Simplified rf_spatial() by removing options to generate an rf_repeat() model on the fly. rf_repeat() should only be used now at the end of a workflow, as described in the documentation.
Fixed issue with the area of the violin plots generated by plot_importance().
Improved the function rf_interactions() with a new type of interaction (first factor of a PCA between two predictors), added criteria to reduce multicollinearity among interactions, and between interactions and predictors, and now the function returns data helpful to fit models right away.
Added new residuals diagnostics with the functions residuals_diagnostics() and plot_residuals_diagnostics().

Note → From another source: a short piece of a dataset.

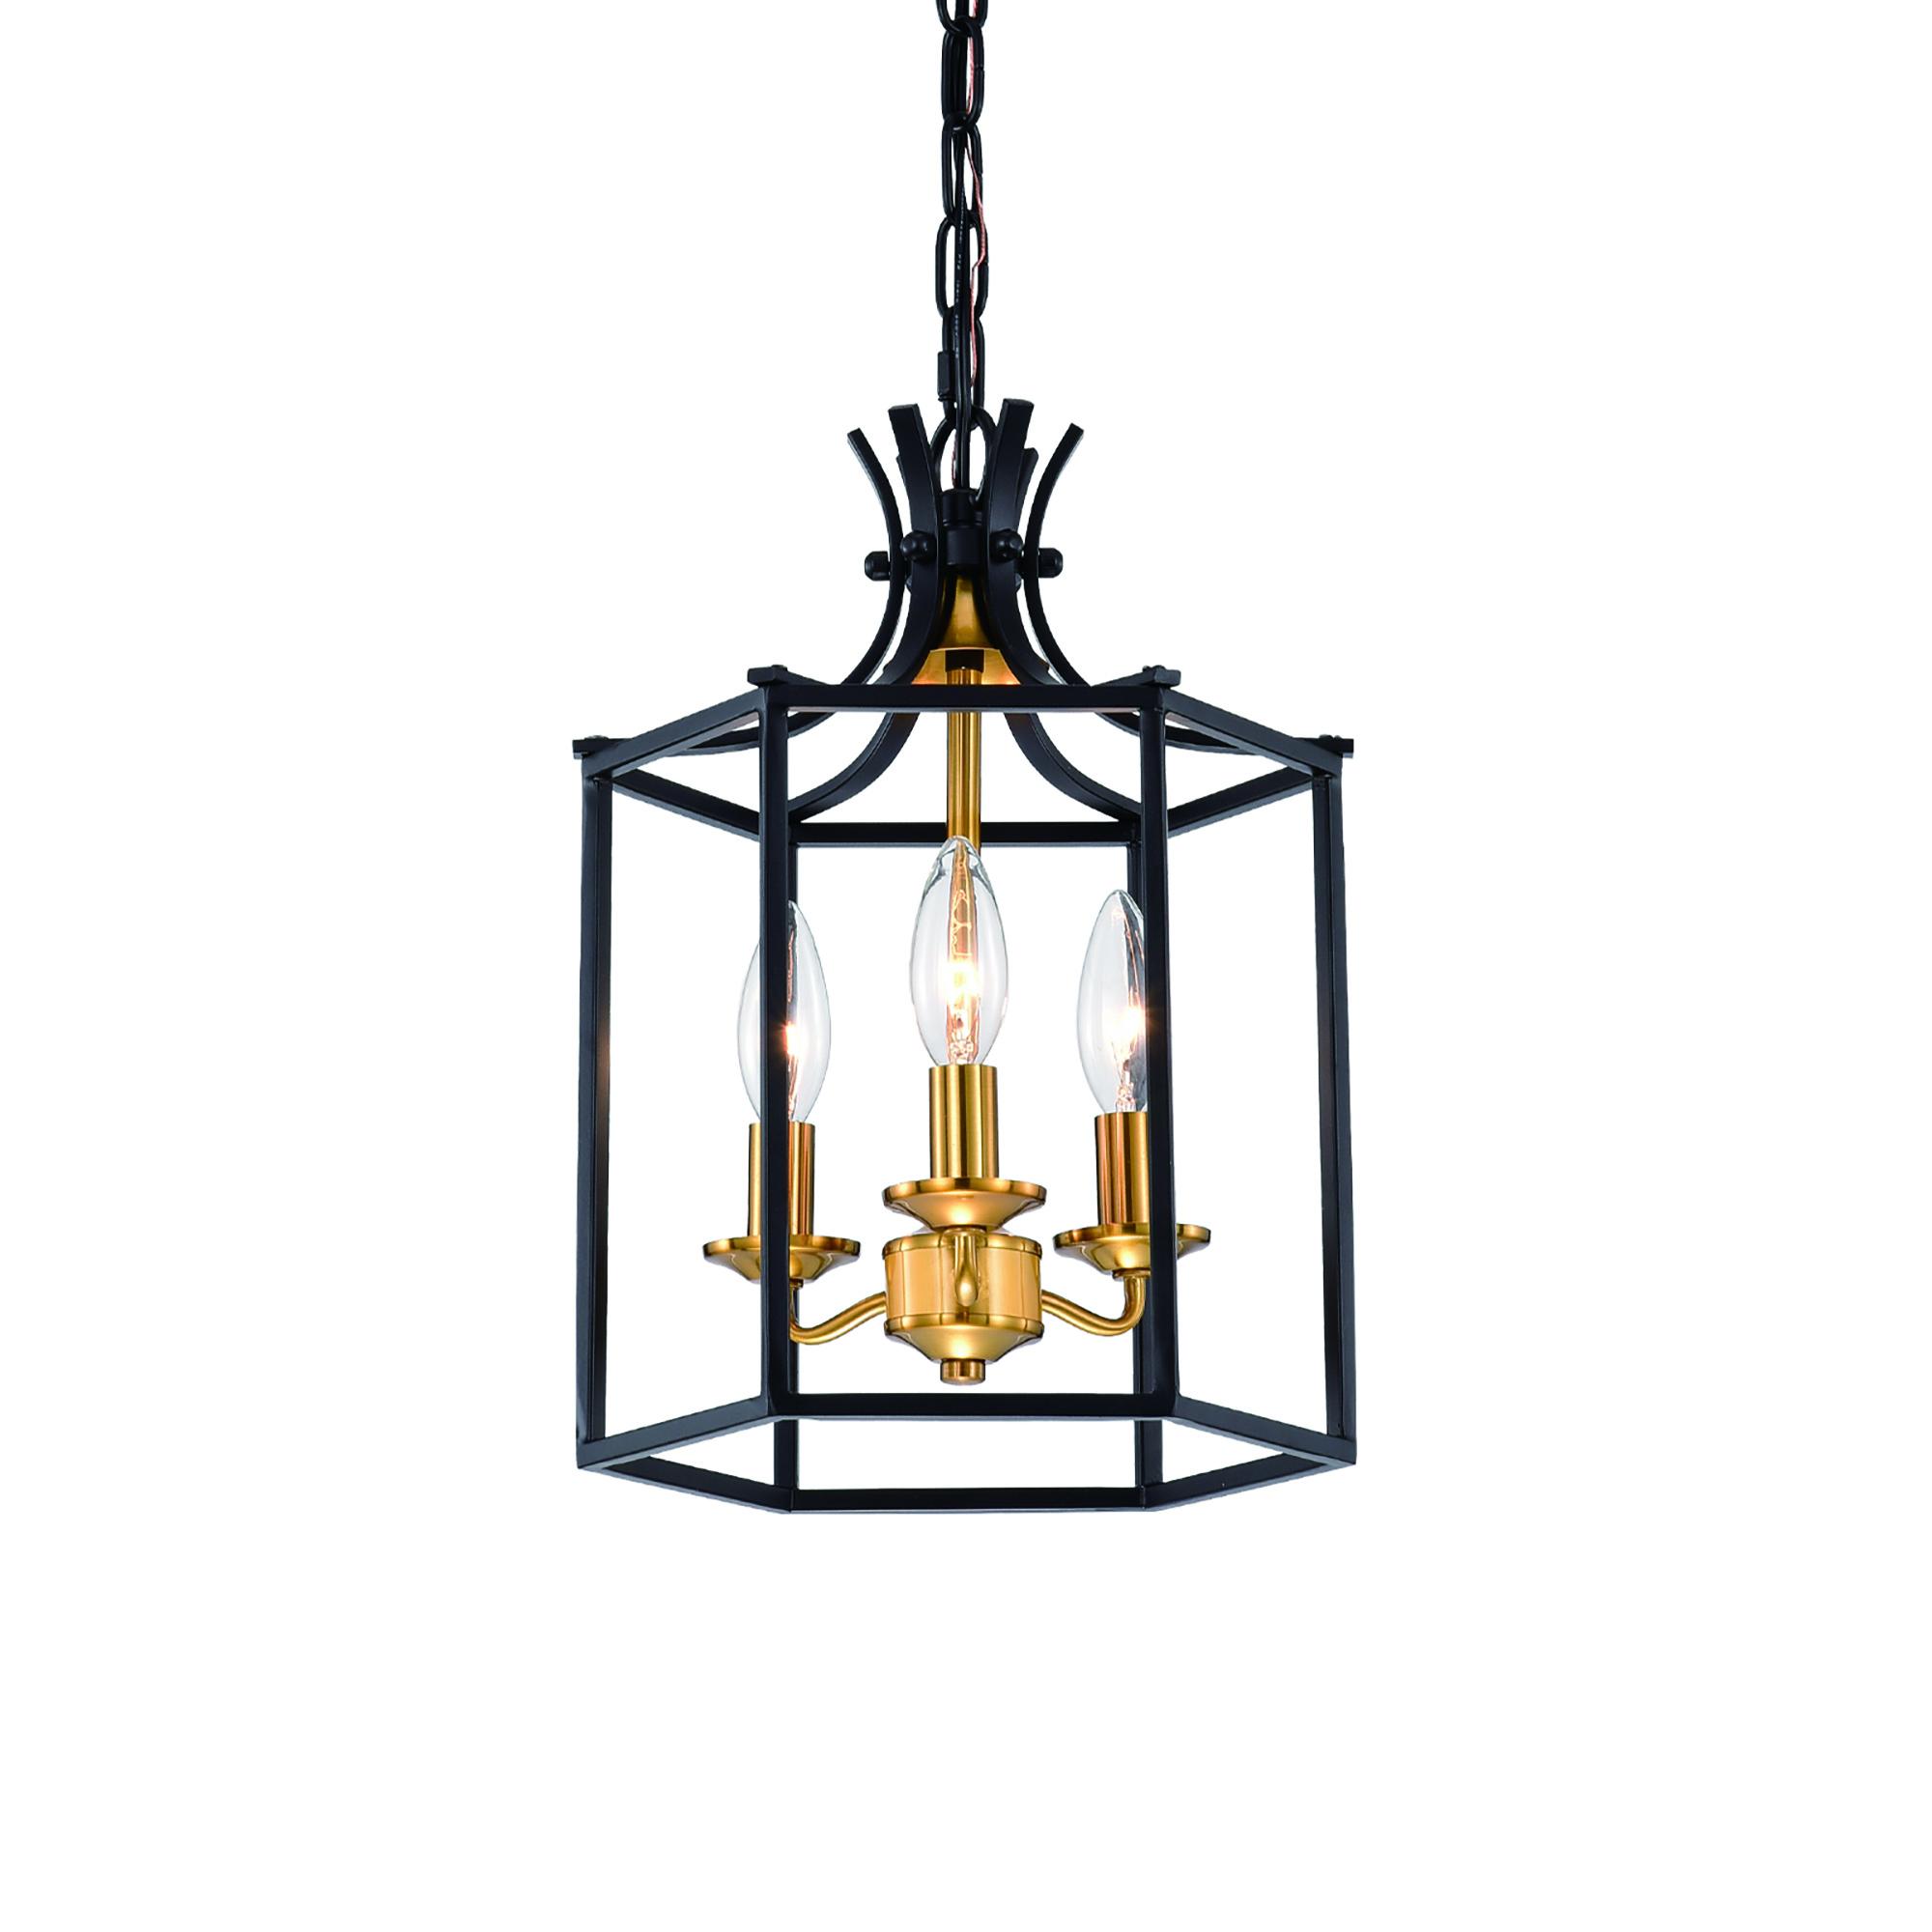 3-Light Black and Antique Gold Lantern Statement
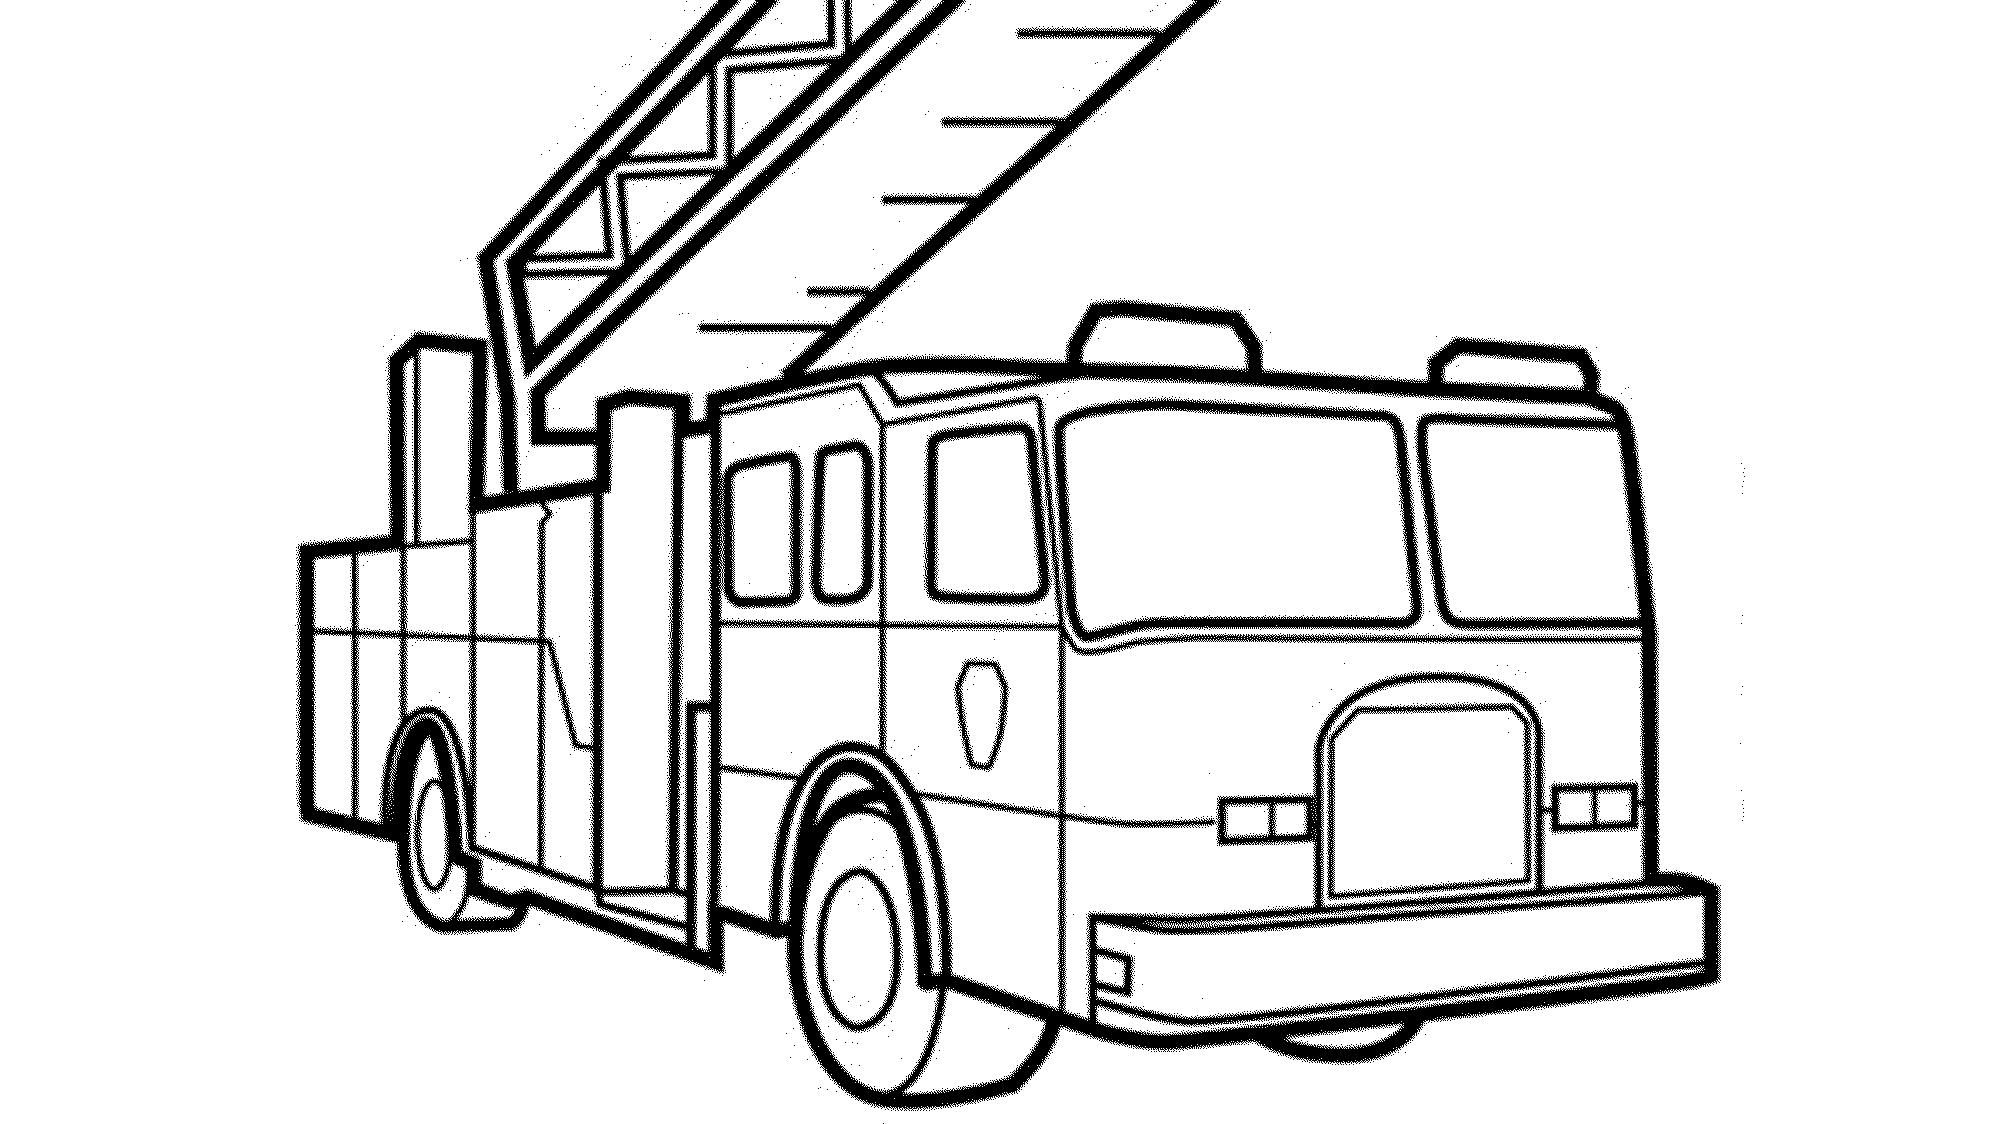 Coloring Pages Fire Truck - Democraciaejustica

This changed the name of the slot “spatial.autocorrelation.residuals” to “residuals”, that now stores all the information relative to the residuals.
All plotting functions now allow to change the color of their key components.
Changed the names of function arguments from ‘x’ to ‘model’ or ‘distance.matrix’ for consistency. This might break code written previously, but I hope argument names are more self-explanatory now.
The function rf_spatial() now fits a non-spatial model first, and only generates spatial predictors for these distance.thresholds that show positive spatial autocorrelation.
Added a new function named filter_spatial_predictors(), that removes redundant spatial predictors within rf_spatial(). It shouldn’t lead to changes in the spatial models fitted with previous versions, but it will make them more parsimonious.
Changed the style of the package’s boxplots.
When using rf_repeat(), the median of the variable importance scores, performance scores, and Moran’s I is reported, instead of the mean.
Added the functions plot_training_data() and plot_moran_training_data() to help explore the training data prior to modeling.
Also fixed an issue where response variables could be identified as binary by mistake.
A bug regarding the predictions generated by rf()
that
affected every other function fitting models has been fixed. Previously,
the model predictions came from the “predictions” slot produced by
ranger()
. Such predictions are produced from the out-of-bag
data during model training, and are different and lead to lower R
squared values than those produced with predict(). Now the predictions
yielded by rf() are generated with predict(), and therefore you might
notice that now models fitted with spatialRF functions perform better
than before, because they do.
The function print_evaluation()
does not use huxtable
any longer to print the evaluation results, and only shows the results
of the testing model.
Added support for binary data (0 and 1). The function
rf()
now tests if the data is binary, and if so, it
populates the case.weights
argument of ranger
with the new function case_weights()
to minimize the side
effects of unbalanced data.
Fixed an issue where rf() applied the wrong is.numeric check to the response variable and the predictors that caused issues with tibbles.
Removed the function scale_robust() from rf(), and replaced it with scale(). It was giving more troubles than benefits.
Simplified rf_spatial().
Modified rf_tuning() to better tune models fitted with rf_spatial().
Minor fixes in several other functions.
All ‘sf’ dependencies removed from the package.